Twenty

Eventually I did fall asleep, and I dreamed I was back in the Astra.

I was back in the Astra, trapped upside down, and Abortion had burrowed his way out and was somewhere in the field outside, but he'd been gone a long time. Minutes, though it felt like hours. It didn't take that long to phone the emergency services, did it? What was he doing, giving them his life story?

"Abortion?"

Nothing. No answer.

"Abortion? Mate?"

Still no answer.

I tried it louder, almost a scream.

"Abortion!"

Don't flap, Gid, I told myself. Bugger's strayed out of earshot, that's all. Trying to get to high ground to get a signal. Yeah, that's it.

But it wasn't impossible that he'd wandered off. Abortion's brain had holes in it, which his train of thought often fell into and seldom chuffed itself quickly out of. Dazed and confused from the crash, he could easily have forgotten about me and trundled off back up to the road, maybe planning on heading back to the petrol station. By the time he got there, if he ever did, he might not even recall how he came to be out on a night like this in the first place. Meaning I was well and truly snookered.

I wriggled, struggled, but couldn't free myself. The cold was seeping into my muscles, my bones. I was constricted. Paralysed. Dying.

I woke up then, in Jotunheim, with my bedroll all twisted round me like a sweet wrapper. I got untangled, huddled tightly up and rubbed myself for warmth, and soon was dozing once more.

The claustrophobic car dream, I suspected, was destined to become a recurring nightmare.
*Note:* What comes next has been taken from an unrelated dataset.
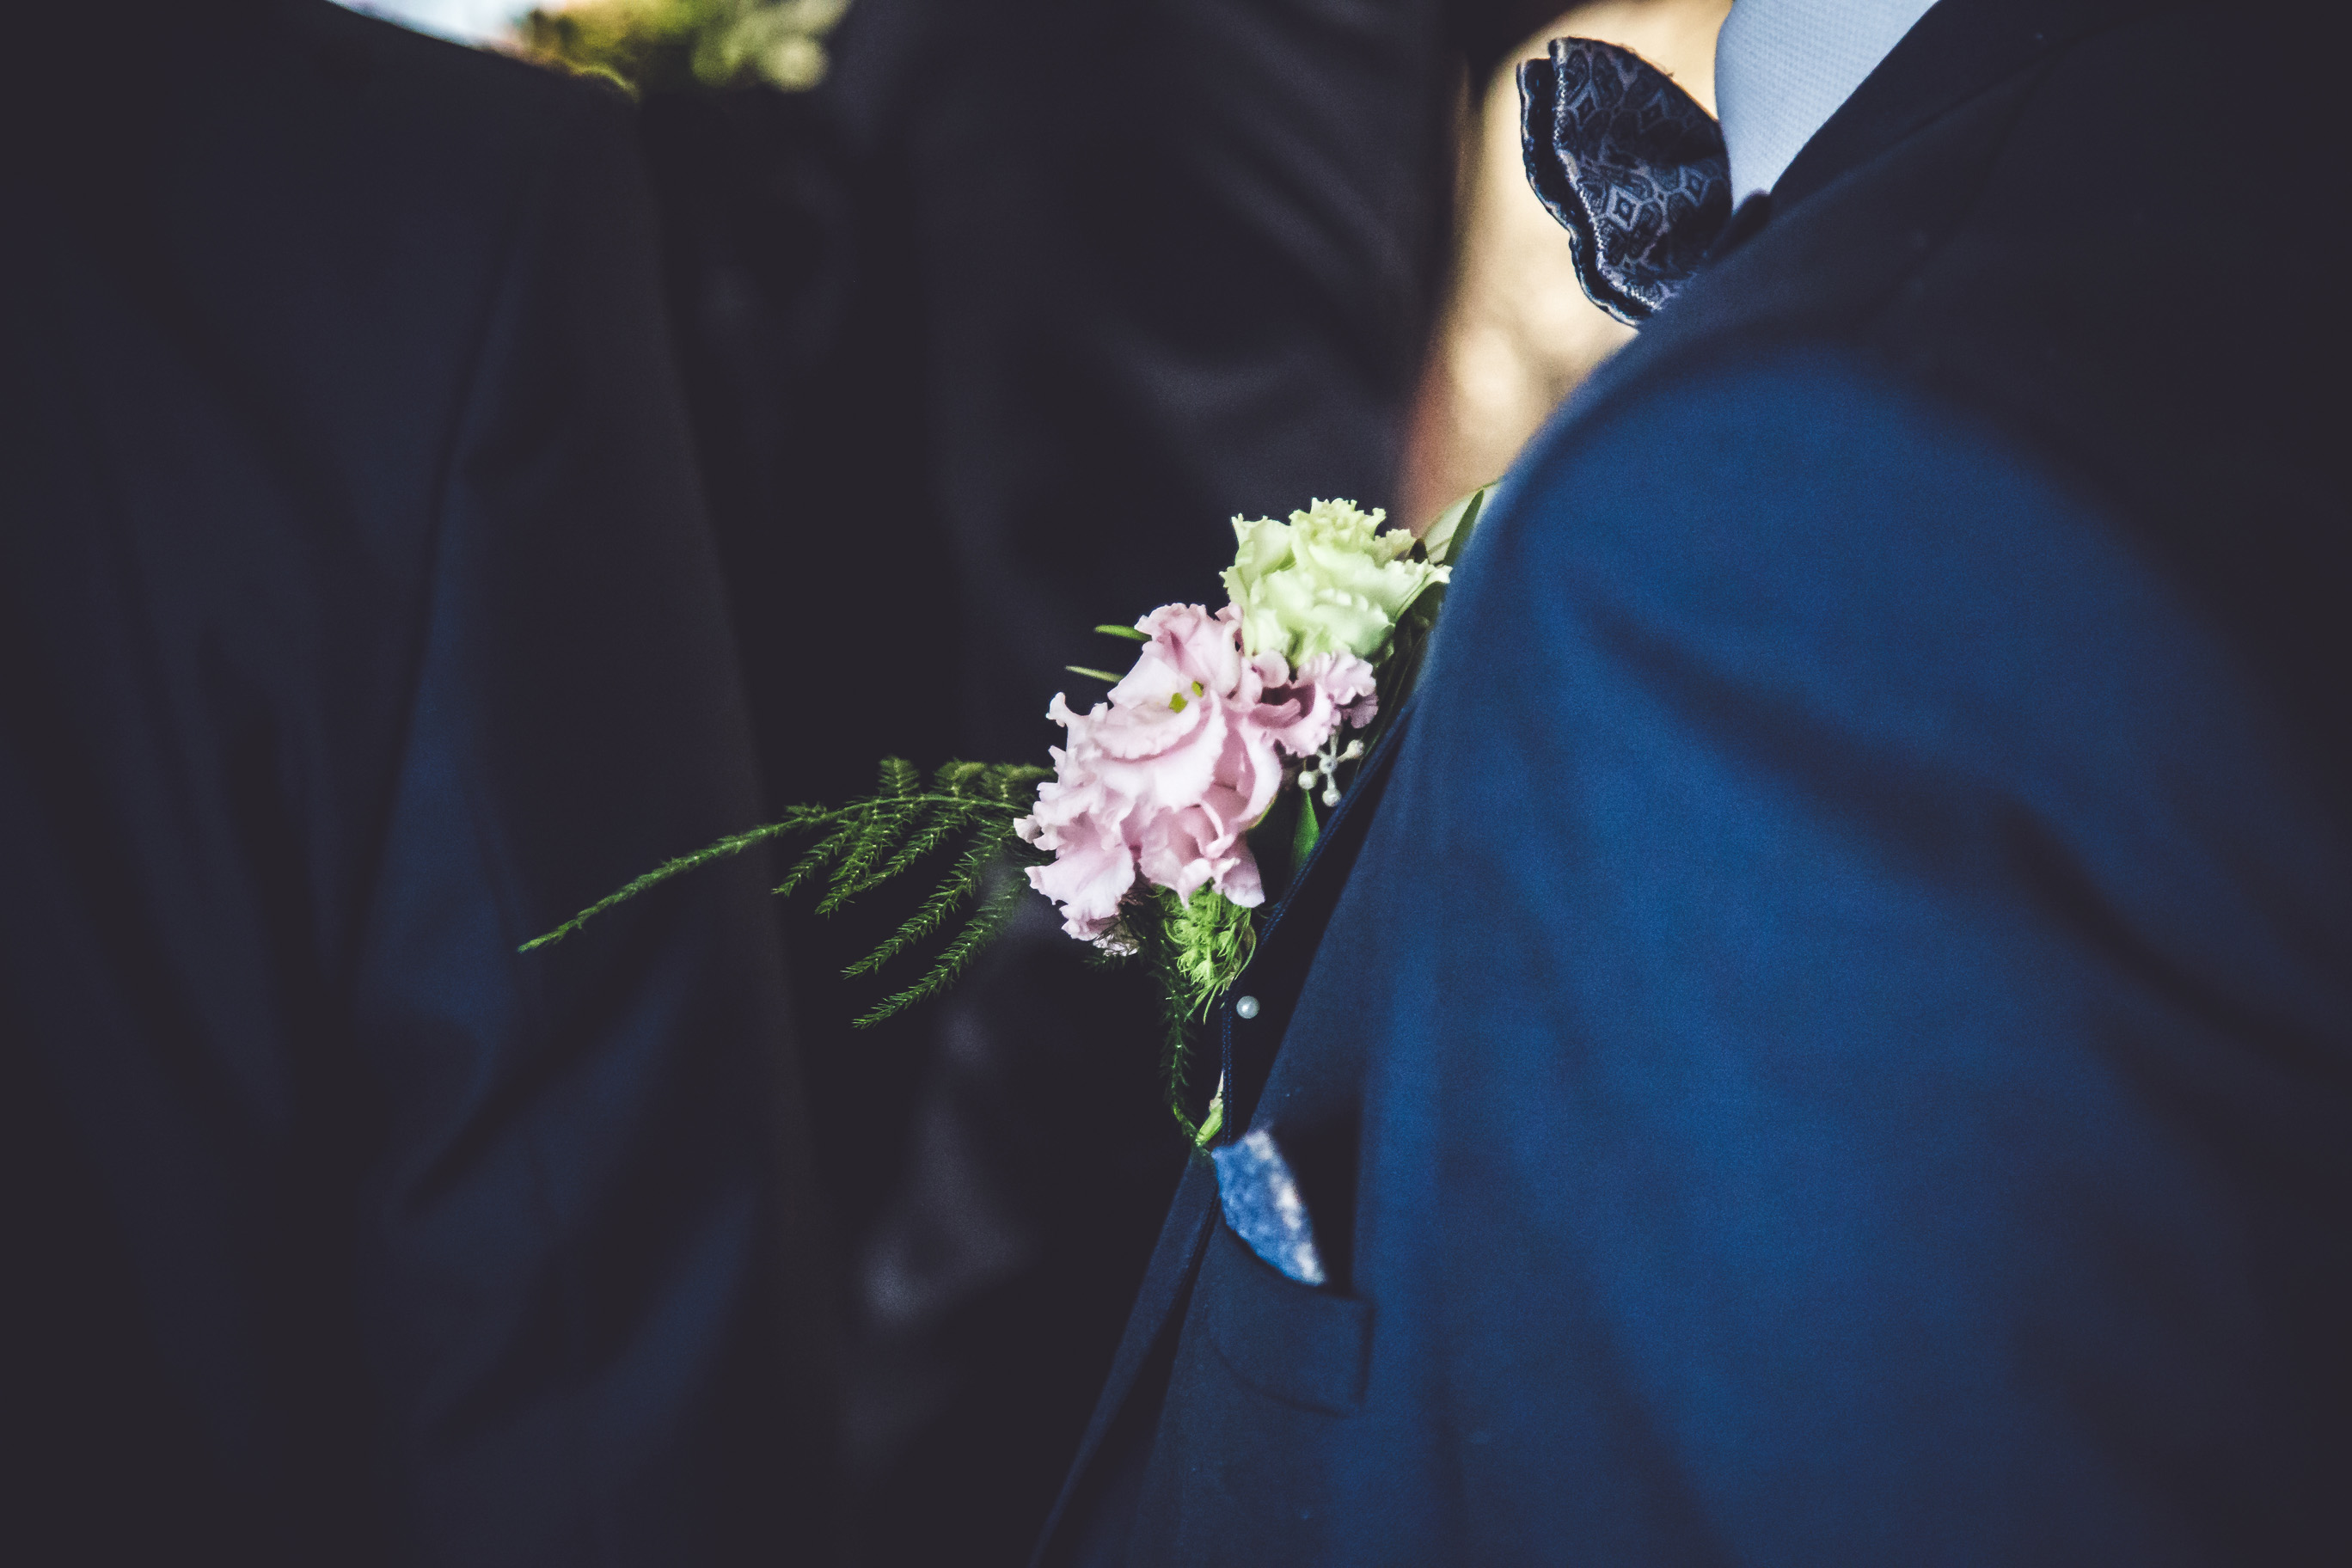 groom at the wedding
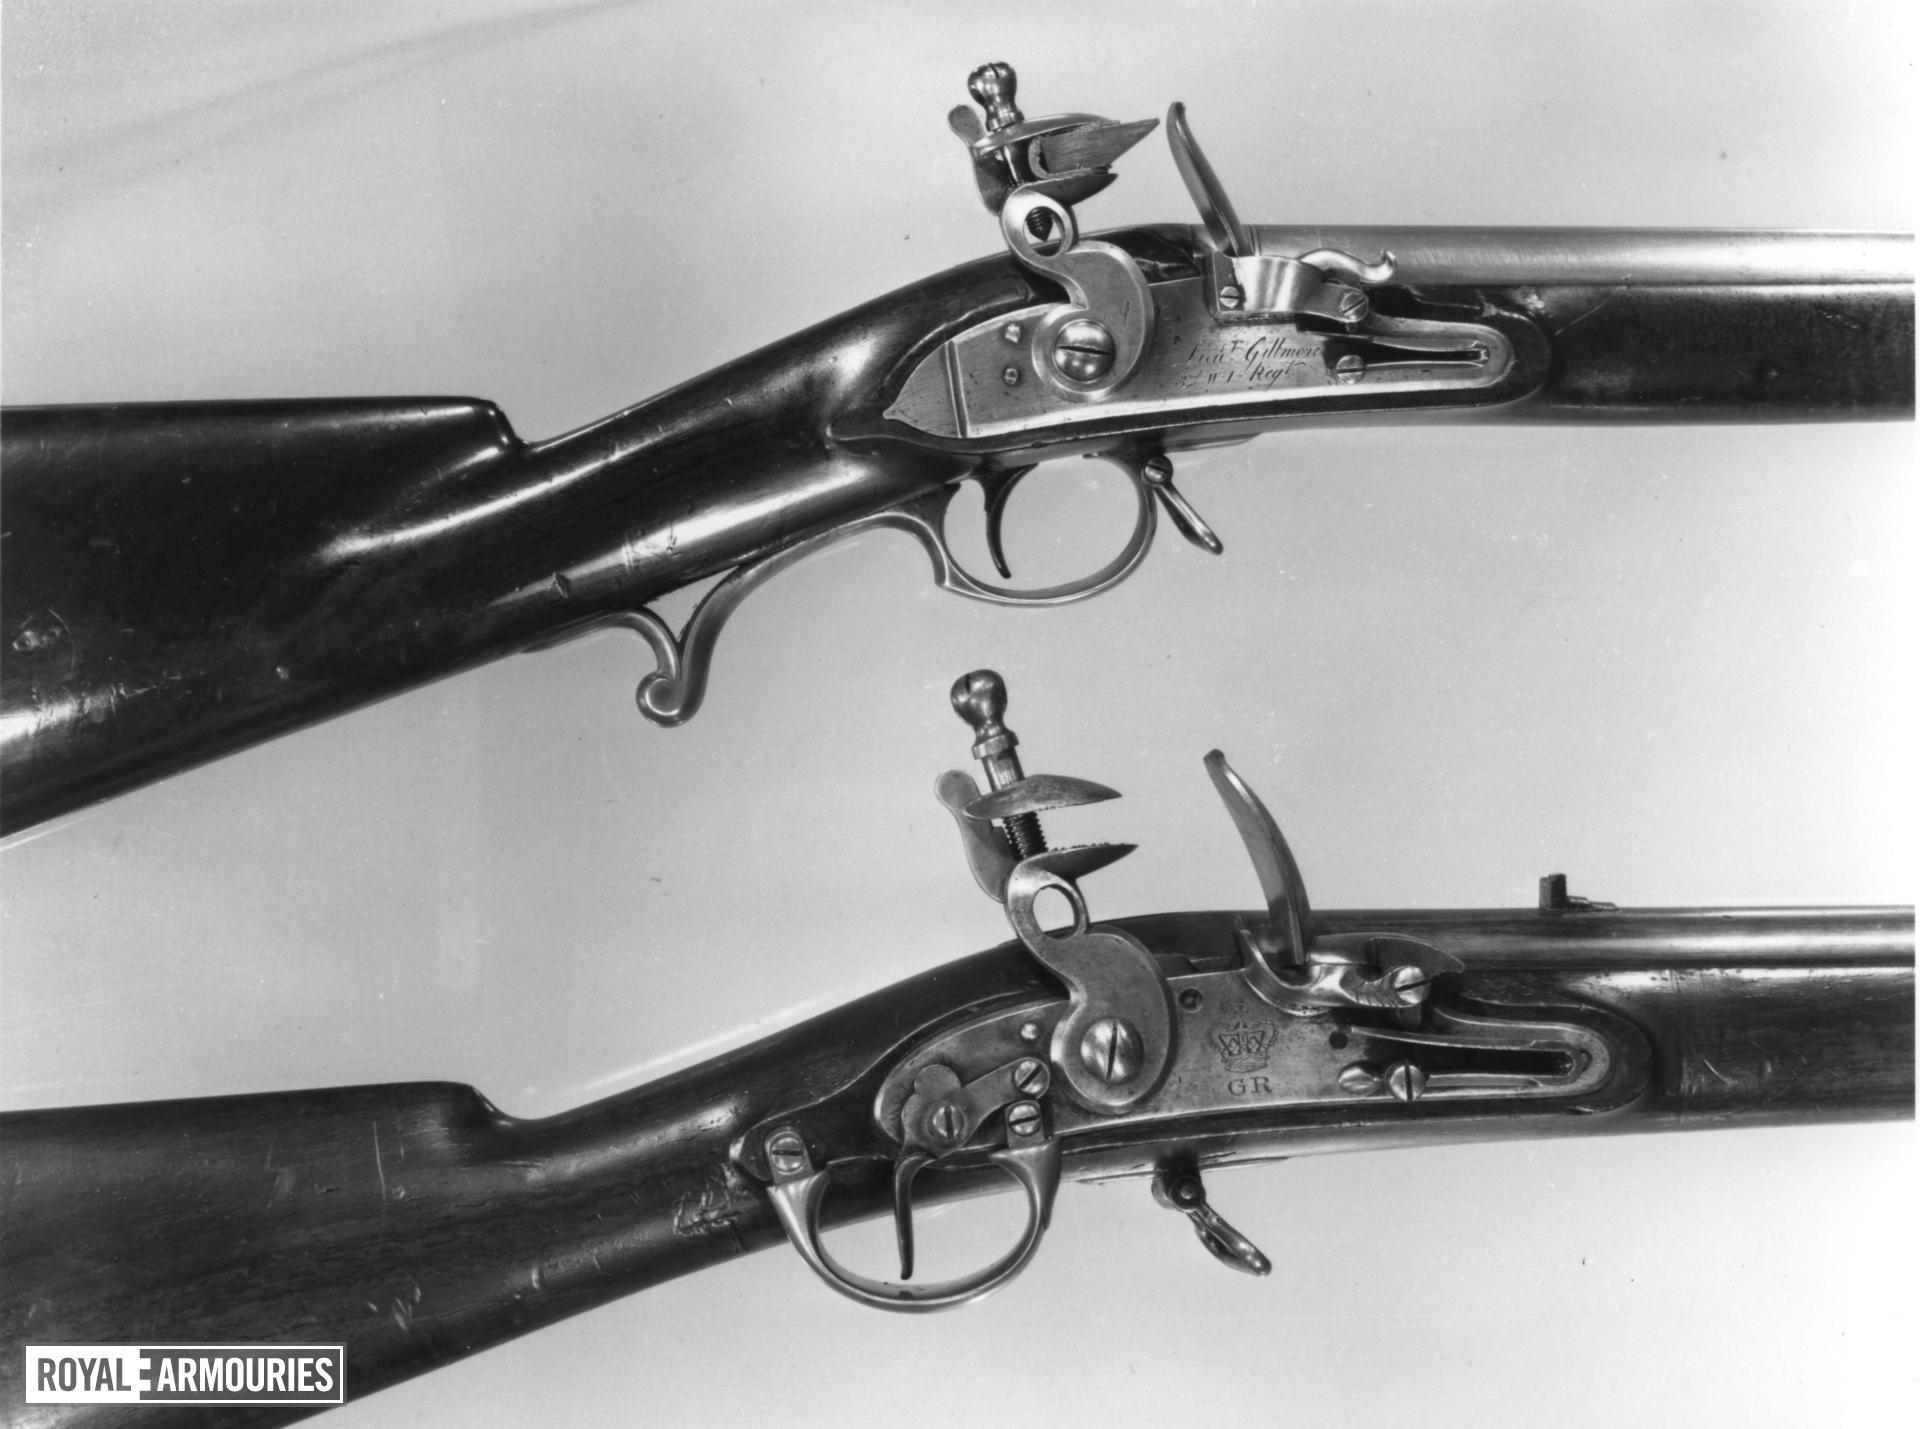 Flintlock muzzle-loading military musket - Gillmore's Pattern

Another one to add to the collection.

My tours in former Yugoslavia, then Iraq, then Afghanistan, had left me with a whole host of images that I could push to the rear of my mind and ignore while I was awake, but not in my sleep, when my brain was its own boss and did whatever it felt like.

The aftermath of a Sunni suicide bombing on a bus carrying Shiite militiamen in Basra.

An Afghan woman in the field hospital at Bastion, her face melted off by white phosphorus.

The charred corpses of British soldiers in a Snatch Land Rover whose armour hadn't protected them from an RPG attack near Kandahar.

Naked bodies piled high in the cellar of a house in Srebrenica, all males, the youngest of them a boy of no more than fifteen — Bosnian Muslim refugees slaughtered by a particularly vicious Serbian para-military death squad known as the Scorpions.

A British infantry platoon limping home to forward command, lugging several of their comrades behind them on improvised drag litters after a "friendly fire" incident when the joystick jockey operating a Predator drone a couple of hundred miles across the border in Uzbekistan opened up on them with Hellfire missiles, misreading his camera image and mistaking them for armed locals.

They came to me at night, these scenes and others. I lived them over and over, never able to escape them. Mental wounds, the kind that never heal. Bringers of night sweats and small-hours vigils that lasted until dawn.

The price we paid for being soldiers. The price of surviving warfare.